TASK BRIEF: Your reply should contain nothing except the lines from the one with "Acima, secção da" through the end of the listing below, reproduced exactly and stripped of pictures.
COLLECTED DATA START
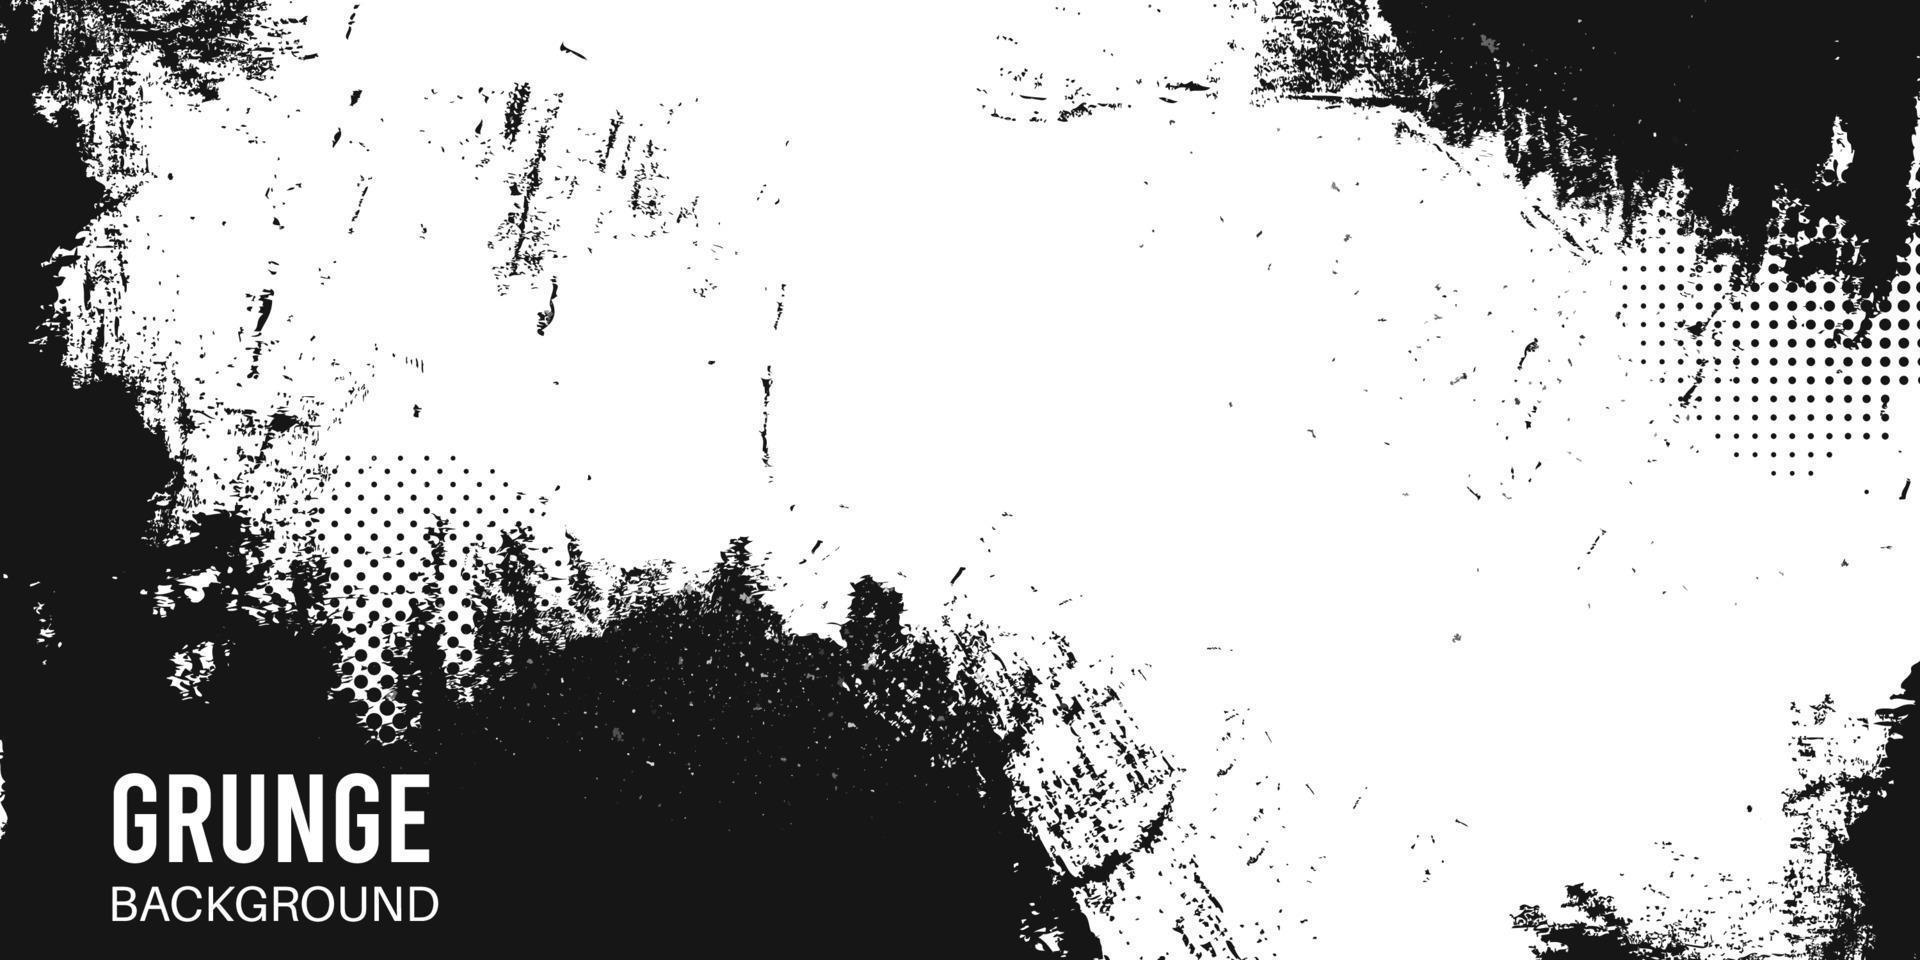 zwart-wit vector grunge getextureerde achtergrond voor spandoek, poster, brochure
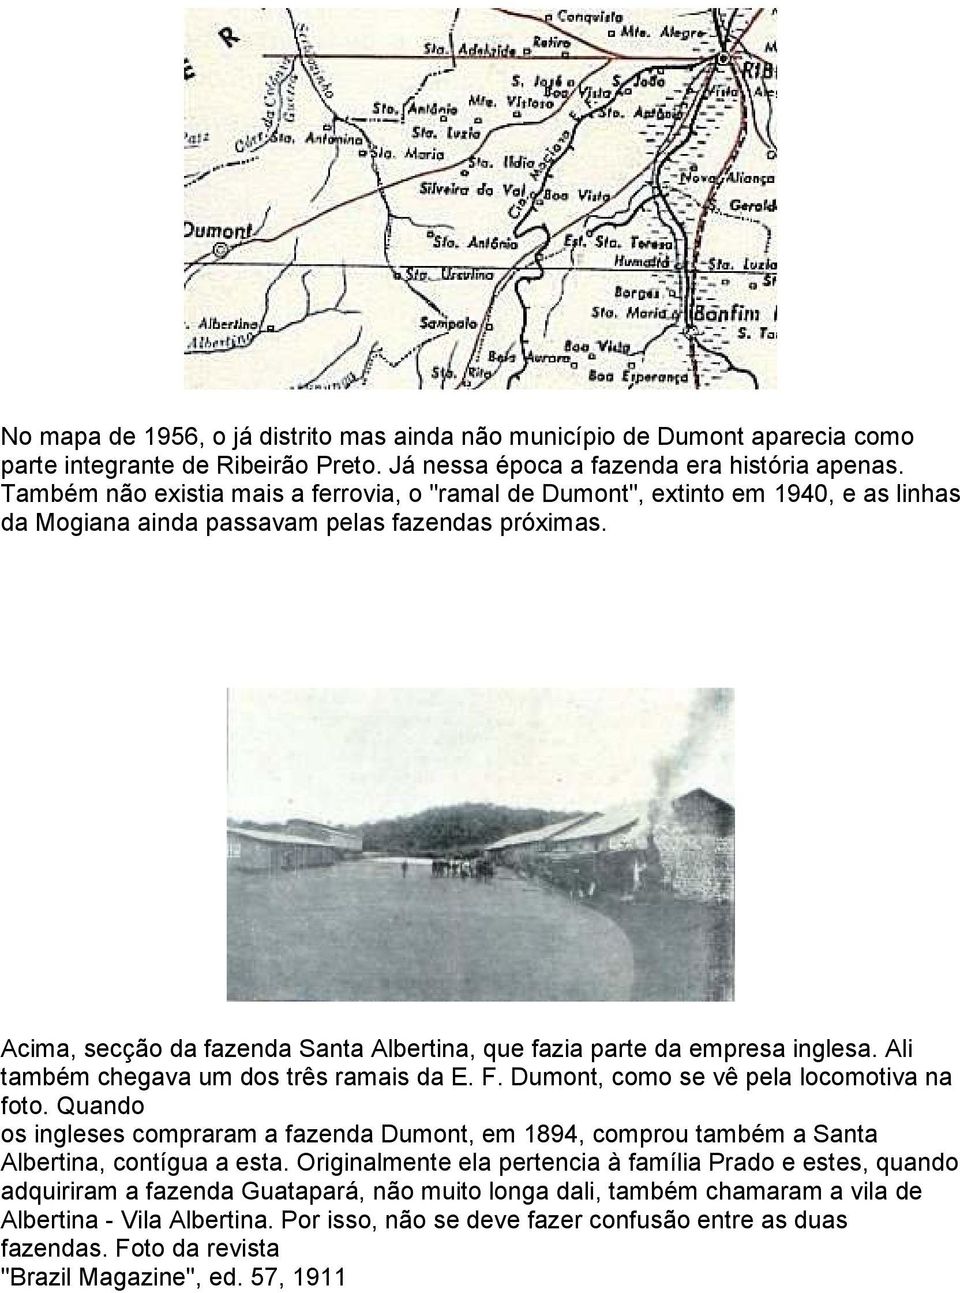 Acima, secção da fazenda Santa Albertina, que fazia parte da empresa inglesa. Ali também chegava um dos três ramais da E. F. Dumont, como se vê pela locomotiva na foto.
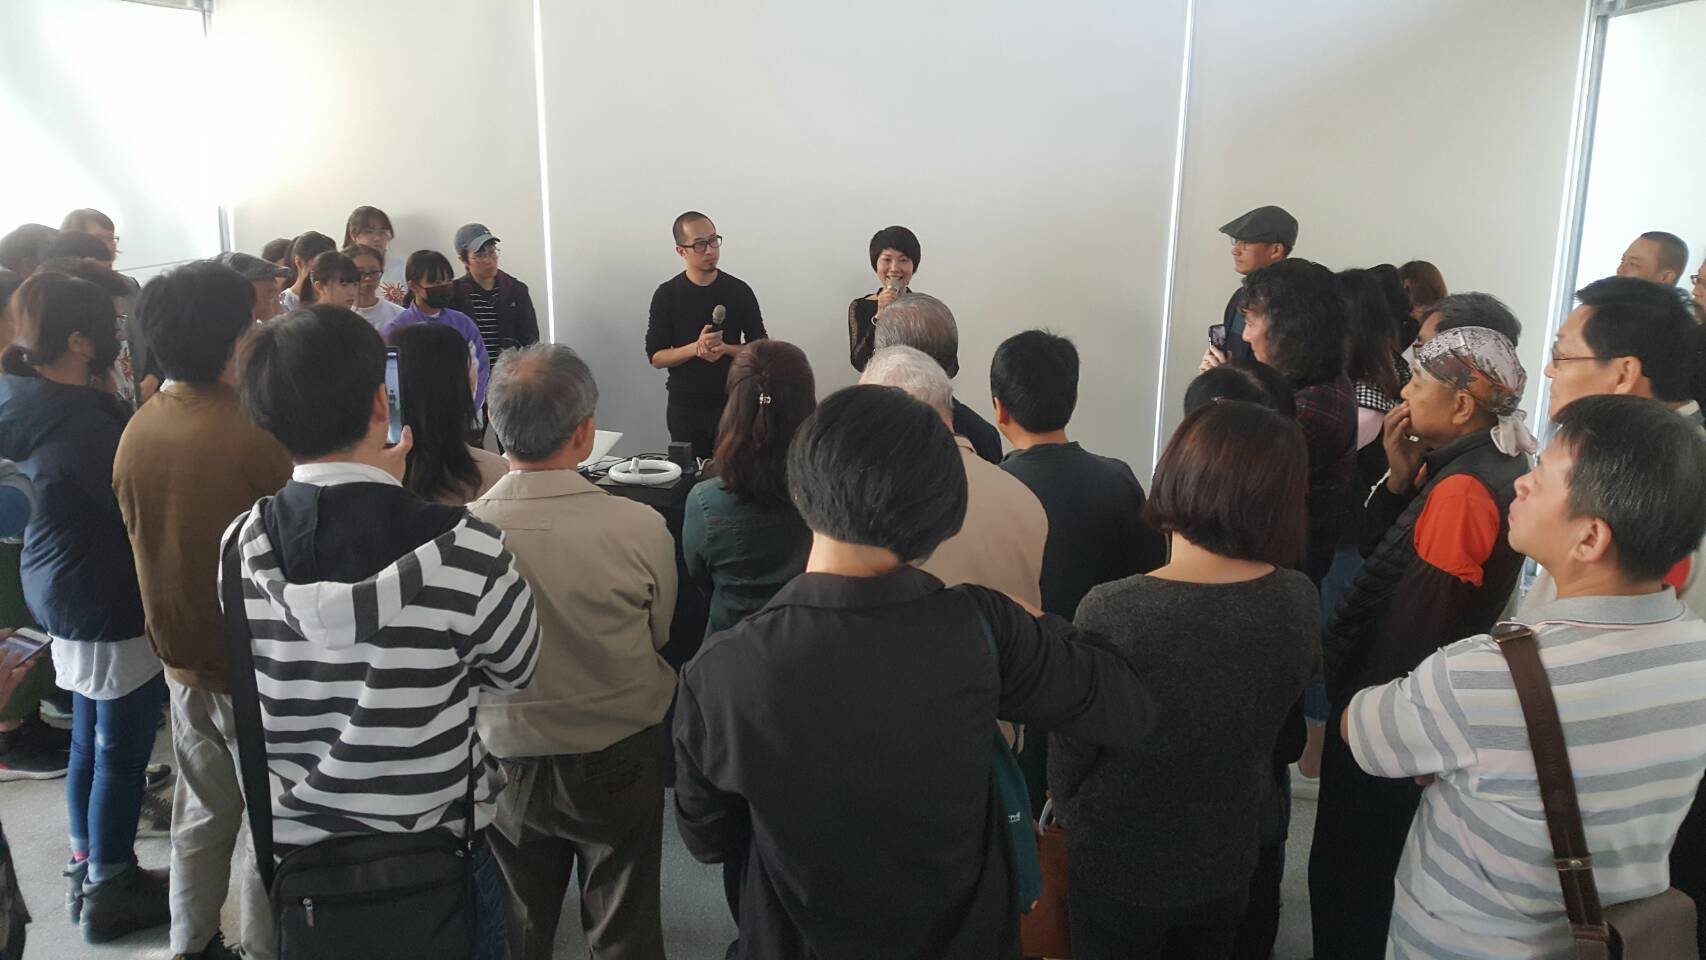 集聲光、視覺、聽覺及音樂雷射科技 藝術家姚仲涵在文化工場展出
COLLECTED DATA END
WRITTEN SOLUTION:
 Acima, secção da fazenda Santa Albertina, que fazia parte da empresa inglesa. Ali também chegava um dos três ramais da E. F. Dumont, como se vê pela locomotiva na foto.
 集聲光、視覺、聽覺及音樂雷射科技 藝術家姚仲涵在文化工場展出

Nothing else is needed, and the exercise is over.